The U.S. presidential campaign is being followed closely around the globe, often with a sense of excitement about the democratic process -- and admiration, in many places, that a woman and an African American could be vying for the nomination of a major political party. And there appears to be something close to consensus that whoever wins the election, the next occupant of the White House will probably be more amenable to working with international leaders than President Bush has been. Times foreign correspondents assessed the mood in four regions where the U.S. campaign is viewed through decidedly local lenses.
"McCain has the most impressive biography of anyone running on either side.

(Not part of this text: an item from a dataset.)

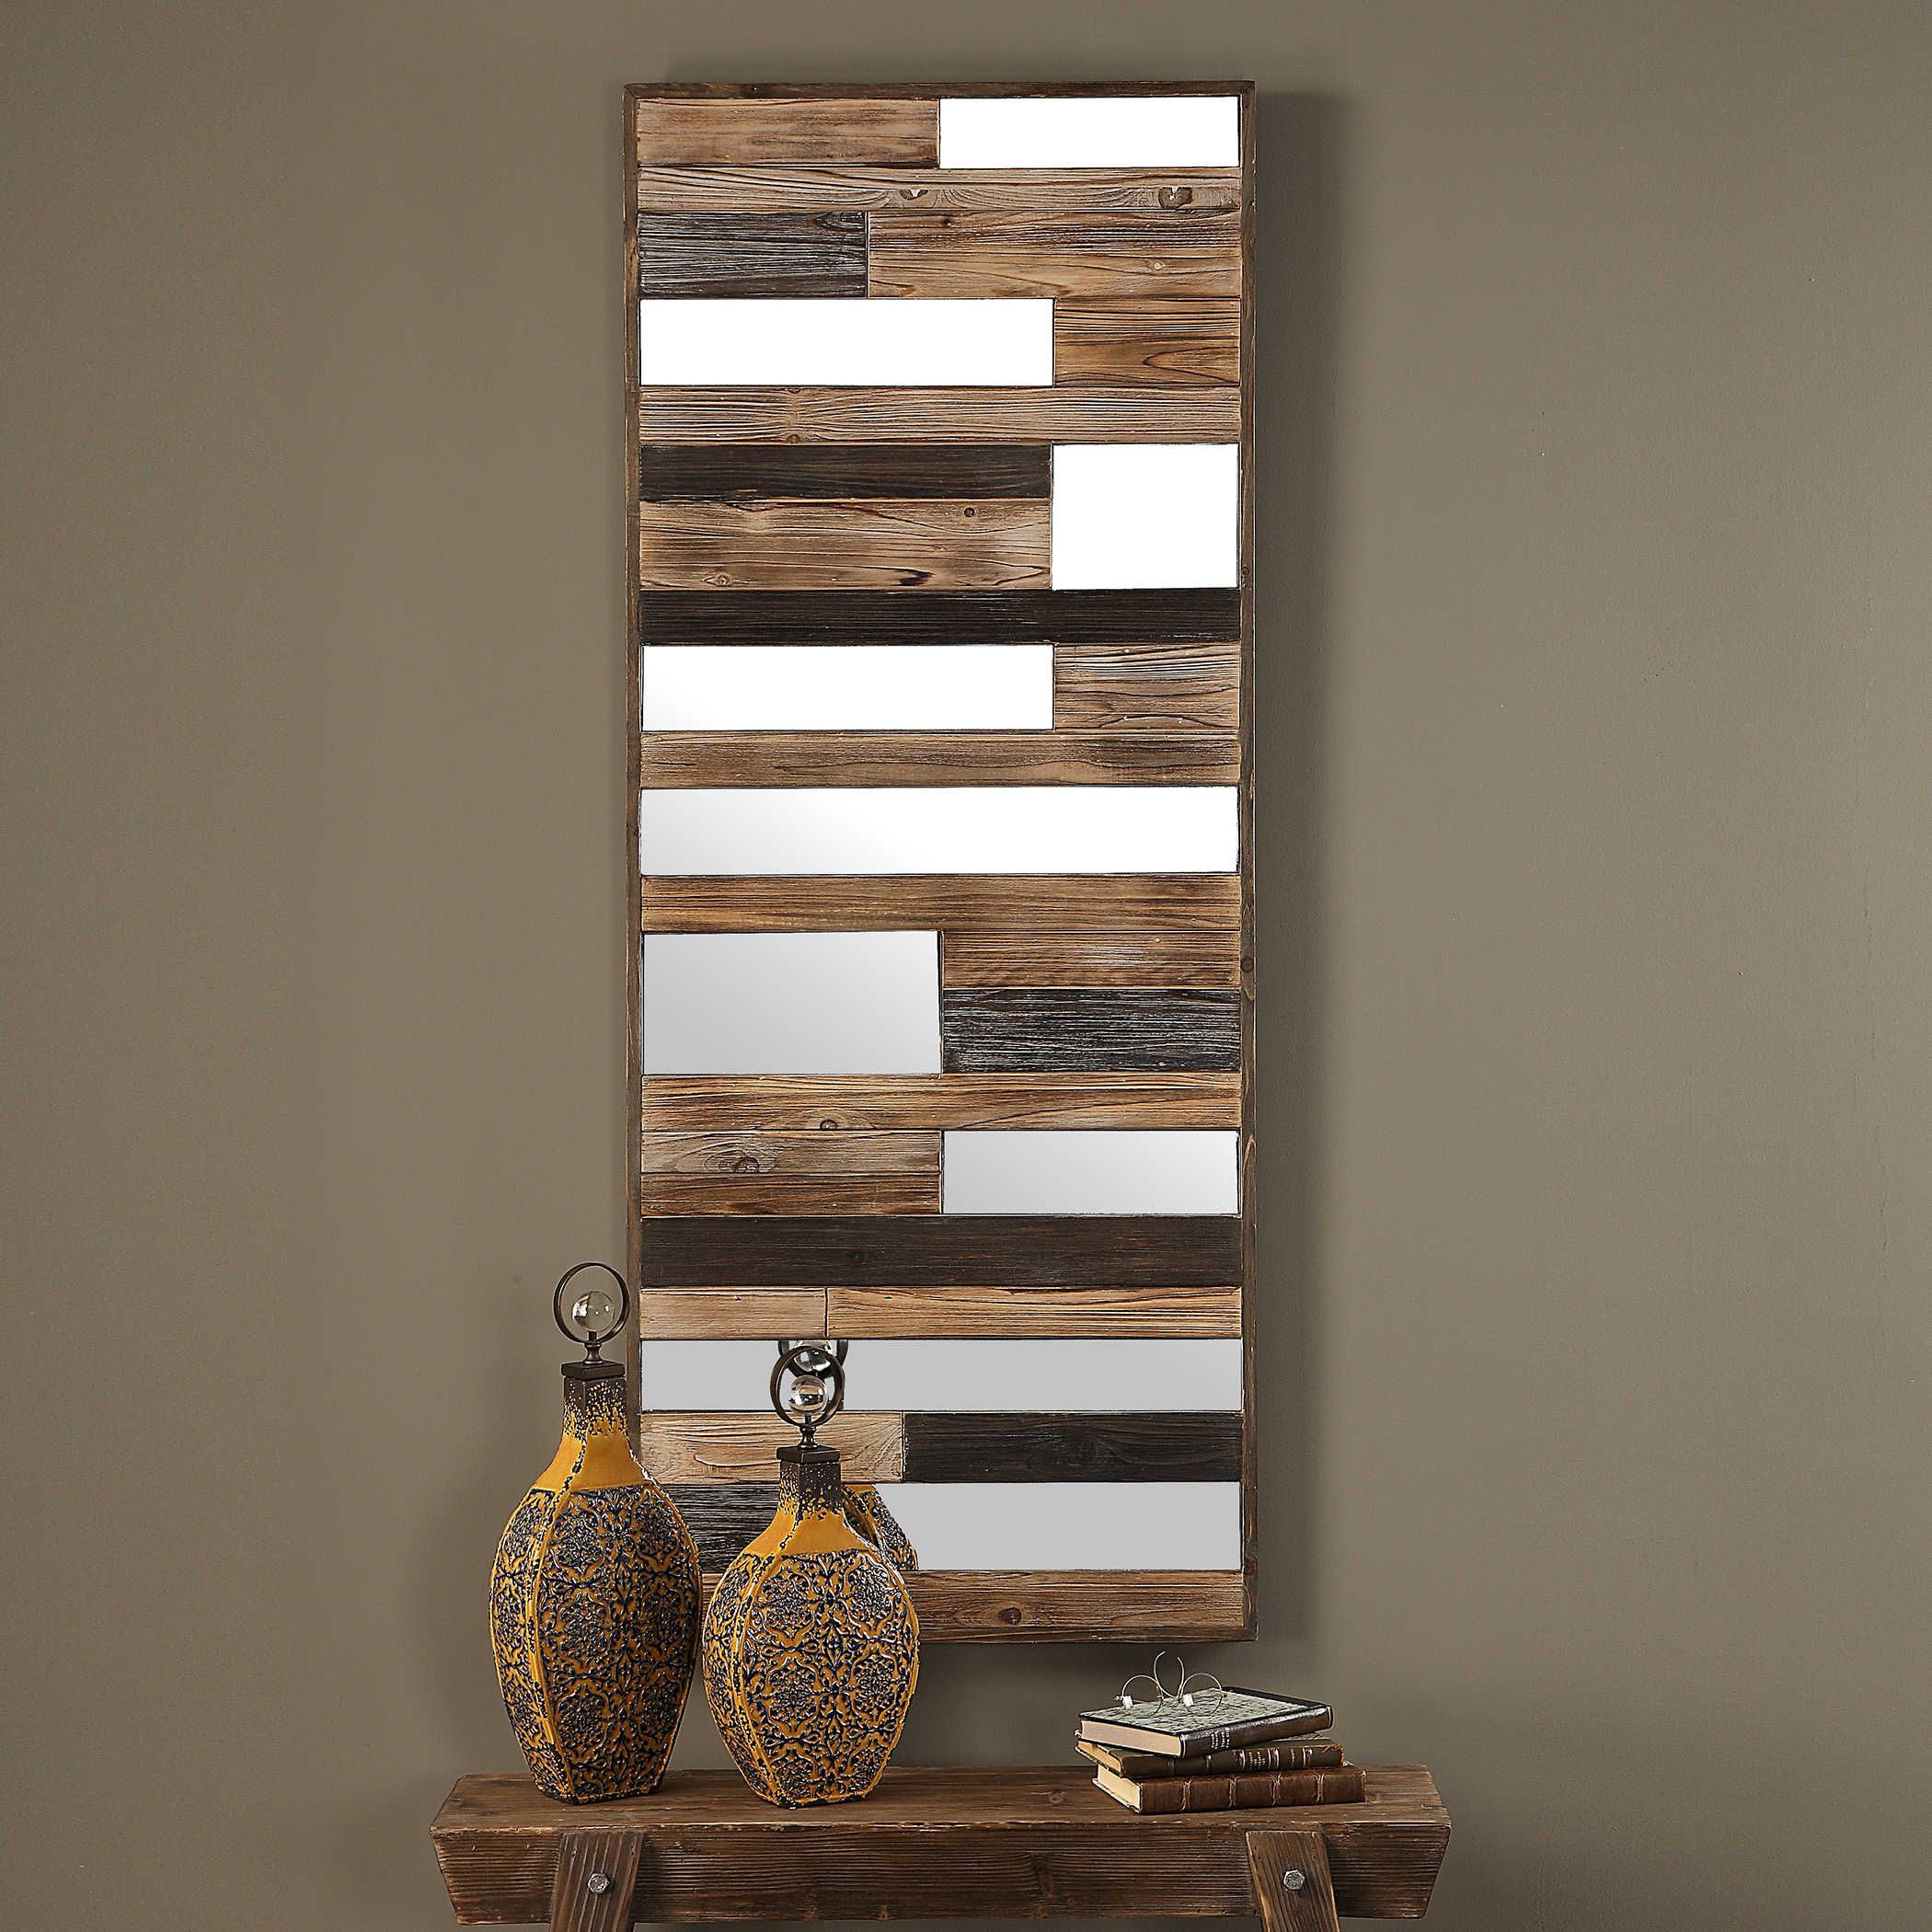 Kaine Wood Wall Decor | Uttermost Within Newest Hexagons Wood Wall Art (View 12 of 20)

It might be remarkable for a former first lady or the son of a Kenyan goatherd to become president of the United States, but it would be even more striking -- and a greater testament to character -- if someone who survived 5 1/2 years of torture as a prisoner of war did so."
-- The Spectator, London
"All the various candidates demonstrate unity in one thing: There are no friends of Russia among them."
-- Izvestia, Moscow
"The basic mood of this election is clear. There is a mood of change. The nation thirsts for change."
-- Frankfurter Rundschau, Germany
"The thrilling race in the U.S. primaries suggests an exciting finish that can only produce something better than what we saw over the last eight years. . . . What is most interesting, though, is the meteoric rise of Illinois Sen. Barack Obama. Obama has inspired America, and become an example of the American dream. . . . But the fact of the matter is, Obama's positive message lacks substance."